I got to pick a musical instrument at that age in school when you're offered experiences designed to shape, mould you into something more exotic, to help you become cultured, mature. To grow up.
I remember it like it was yesterday, leaving an indelible blueprint on my psyche the shade of shame, humiliation and regret, like a recently branded animal owned by a neighbouring farm.
There were about 10 of us lined up. With the tallest at the front, I would be the last to choose, given the luxury or in my case burden, of witnessing everyone else's choices before my own.
The first peer walked to the front, announced loudly what instrument they wanted to play to the teacher taking notes and exited left. As each peer completed this transaction, we walked two steps forward. Each step taken, took me one spiral deeper into a mind and body so conflicted I was scared I would pass out or explode. The incessant internal chatter was two simple words agonisingly pleaded over and over:
Say trombone. Say trombone. Say trombone.

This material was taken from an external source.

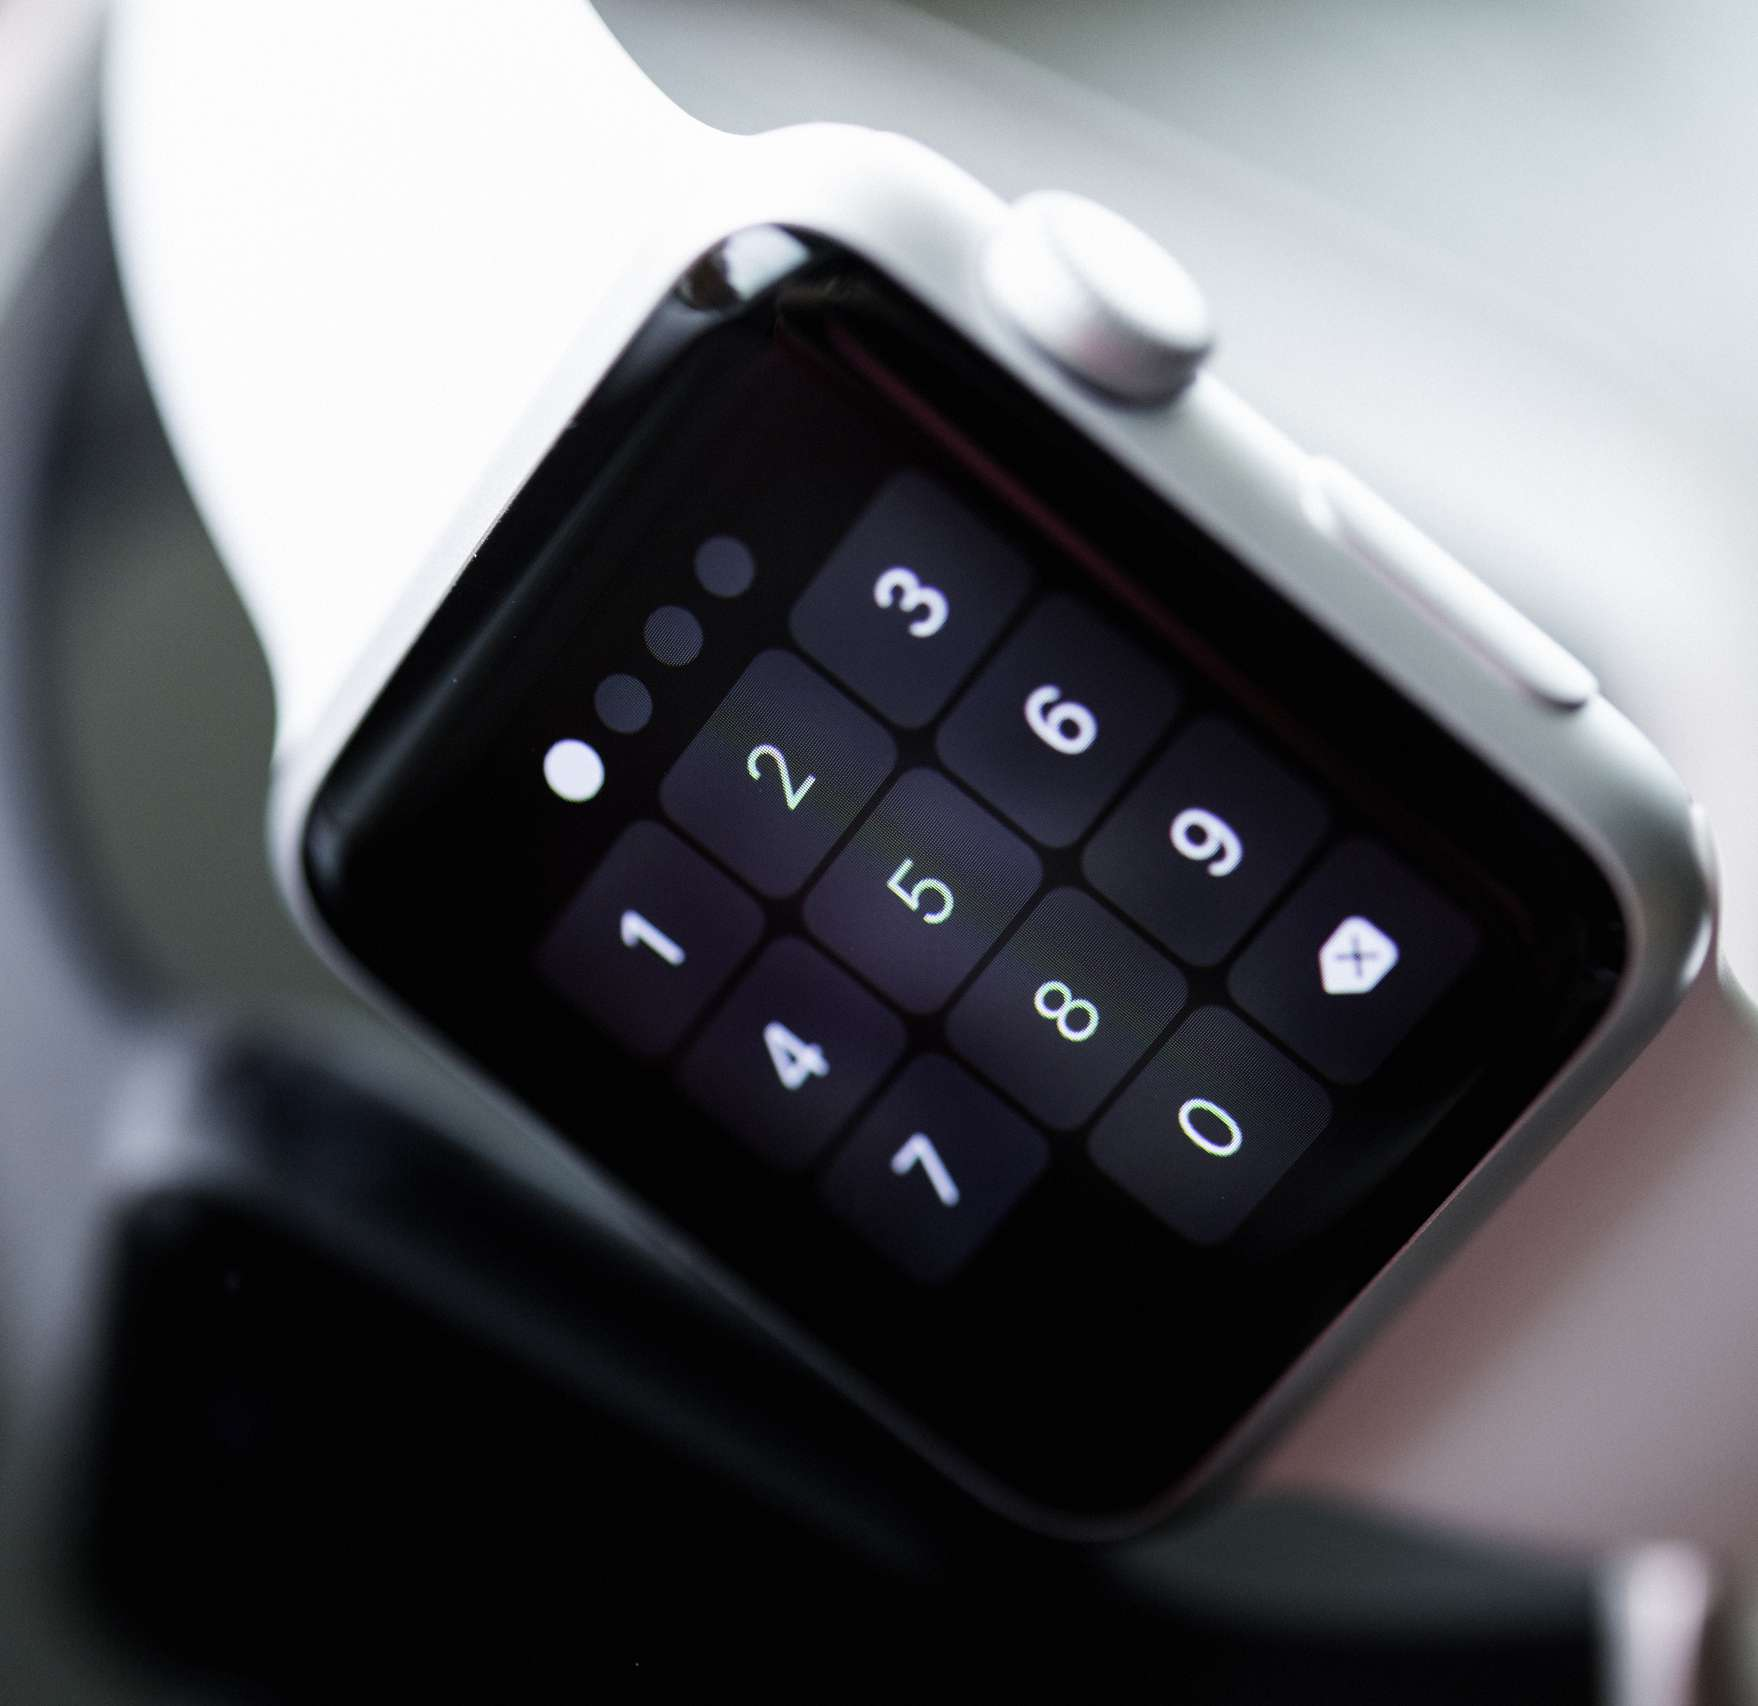 Apple watch face showing passcode screen

To this day I have no idea why I wanted to play the trombone. It would have been taller than I was, possibly heavier and totally impractical. But still, I desperately wanted to learn to play one.
Every one of the nine classmates in front of me asked for a trumpet. Every single one. Yet, every time I heard the word spoken, I shrank a little more, I swallowed sickly, struggling to stay calm. I knew the inevitability of the sell-out-treachery I was about to commit to my 10-year-old self before I even said the seven letters that sealed my betrayal and heartbreaking fate…

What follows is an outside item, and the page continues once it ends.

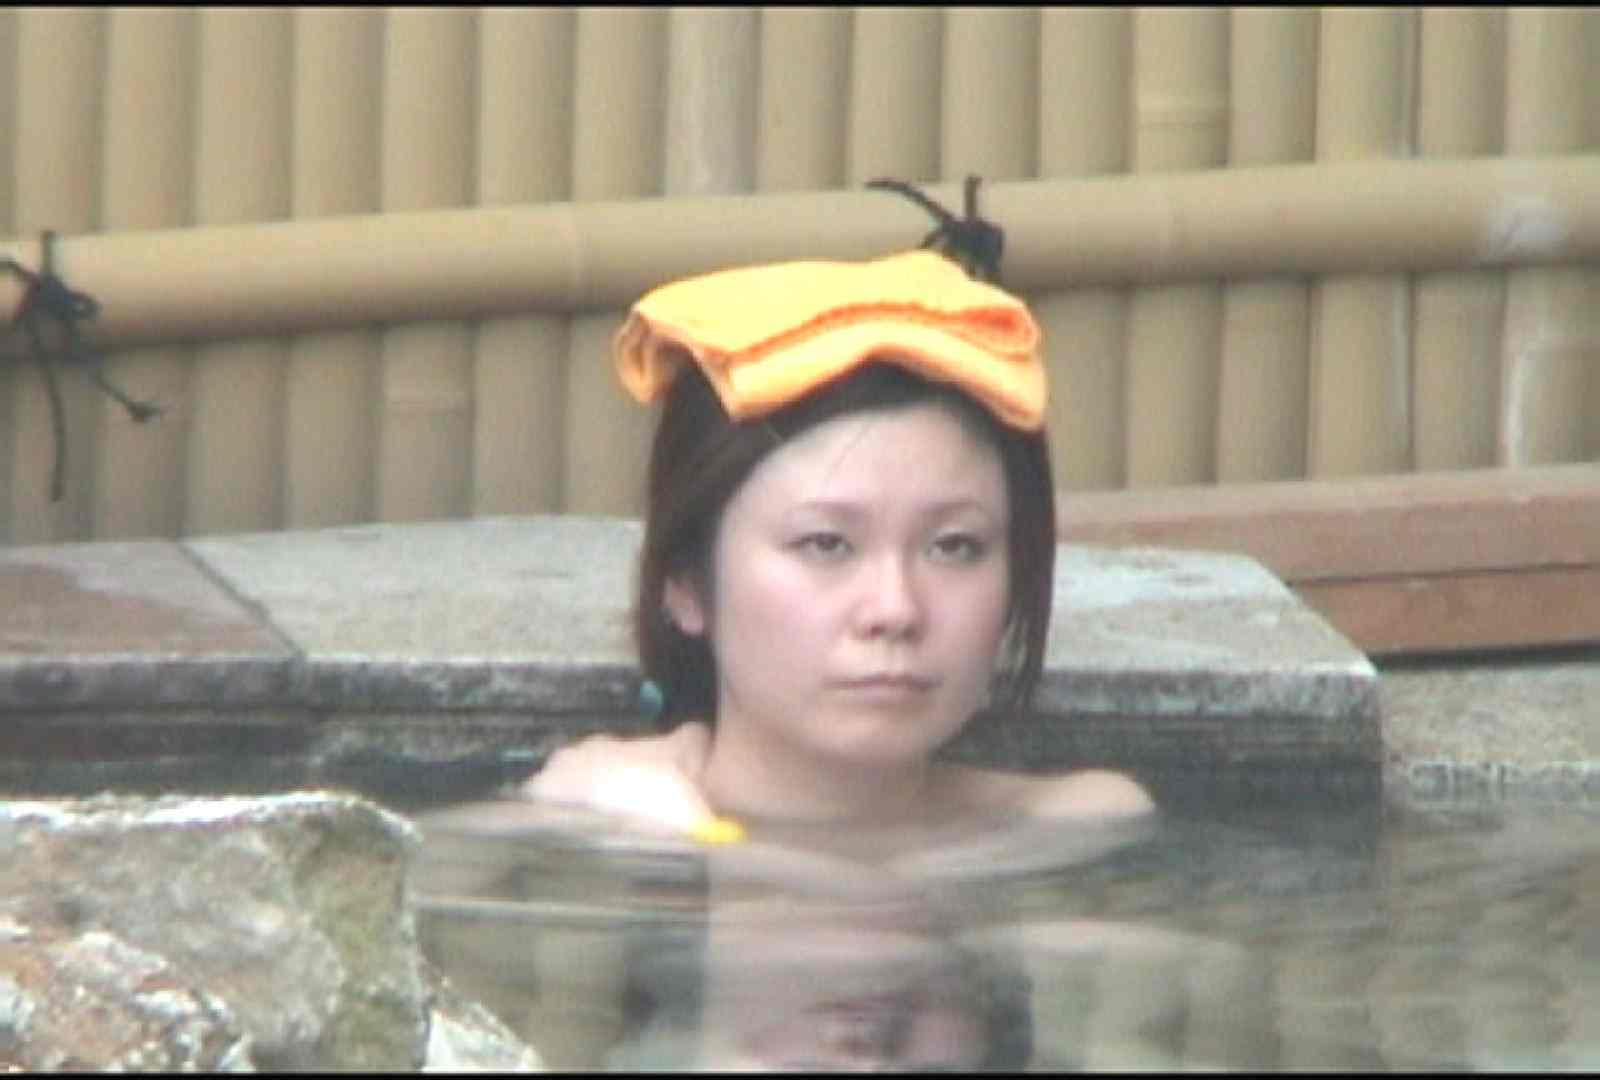 Aquaな露天風呂Vol.177 盗撮師作品  102pic 15

Say trombone. Say trombone. Say trombone.
Lisa, what instrument would you like to play?
Trumpet, please.
And there it was. The moment that would haunt me for the next two decades and cost me more than my 10-year-old-self could ever comprehend. For the record, I still have a dislike for trumpets today and I had never seen, touched or held a trombone.
Two months ago, my sister was in Aldi and called me whilst wandering the aisles. She asked if I wanted a brass instrument. I laughed.
They have trumpets.
Trumpets? In a supermarket?
One trombone left, want it?
What?
One trombone left; want it?
Trombone? Yes, please.
My sister bought me the trombone, which is bigger than me, almost as heavy and I still can't play it. But it's mine - a shining, brassy reminder of a moment when I chose to trade being who I was (a trombone dreamer), for who I was never meant to be (a trumpet player), all to fit in, be a part of and please you so you'll like me.
My sister never knew this story or that she gave me the gift 40 years later of a new ending. An epilogue that reminds that we are never too old, never too small, that it is never too late to rewrite your own story, with the grace of a second chance and a spare room with a trombone in it that you'll maybe never play, but finally, you got to own.